Alec Robinson paid tribute not only to "the backlog of ideas" which came from TRE, but also to the "TRE techniques" that were followed at Manchester. TRE influence was also valuable in insulating the design team from the problem of postwar shortages.

Robinson was one of the few Manchester people who had not himself come from TRE (he was previously with English Electric). Geoff Tootill did, and he recalled it as "the pre-eminent electronics R&D establishment during the war", adding that it was "a hothouse of talent". Alumni included, apart from those that went to Manchester, Maurice Wilkes (who went on to develop Edsac) and John Pinkerton (the chief designer of Leo).
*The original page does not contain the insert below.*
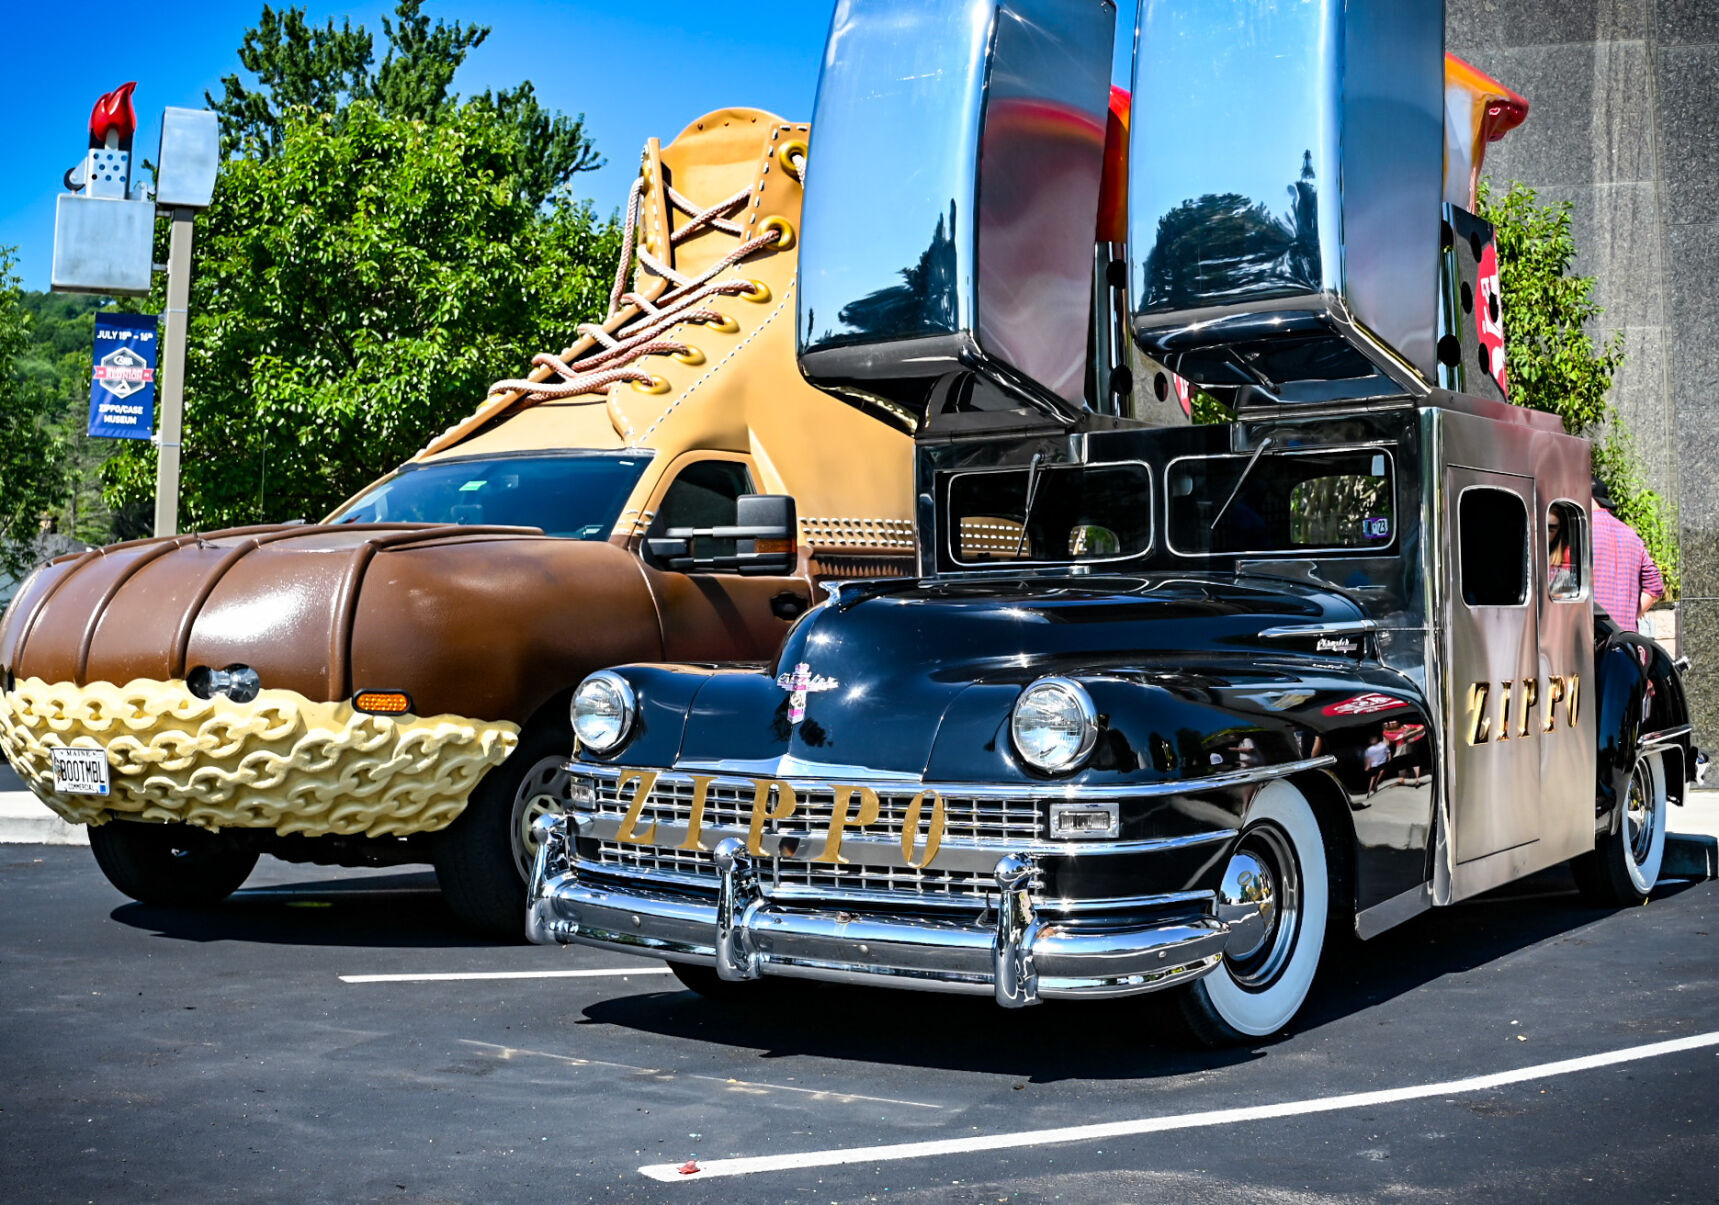 L.L. Bean Bootmobile visits Zippo Car Tuesday | News | bradfordera.com

The other major factor was the leadership of Freddie Williams, acknowledged by Manchester University Chancellor Lord Flowers in a tribute to his "unique inspiration, skill and enthusiasm" which "was so vital in the early days of computing". Geoff Tootill described him simply as "the boffin's boffin".

Alec Robinson, who joined the Manchester team in 1947, recalled that "The atmosphere was very pleasant, and very informal compared to English Electric. Professor Williams' way of working was to let people get on with it. He didn't leave you alone, though: he provided plenty of encouragement, and gave you a lot of ideas.

"There were very few people involved, so communications were easy. You were allowed to pursue your own ideas in a way that was very exciting."

Readers who would like to see what the very first operational stored program computer looked like can inspect Chris Burton's replica at the Manchester Museum of Science and Industry.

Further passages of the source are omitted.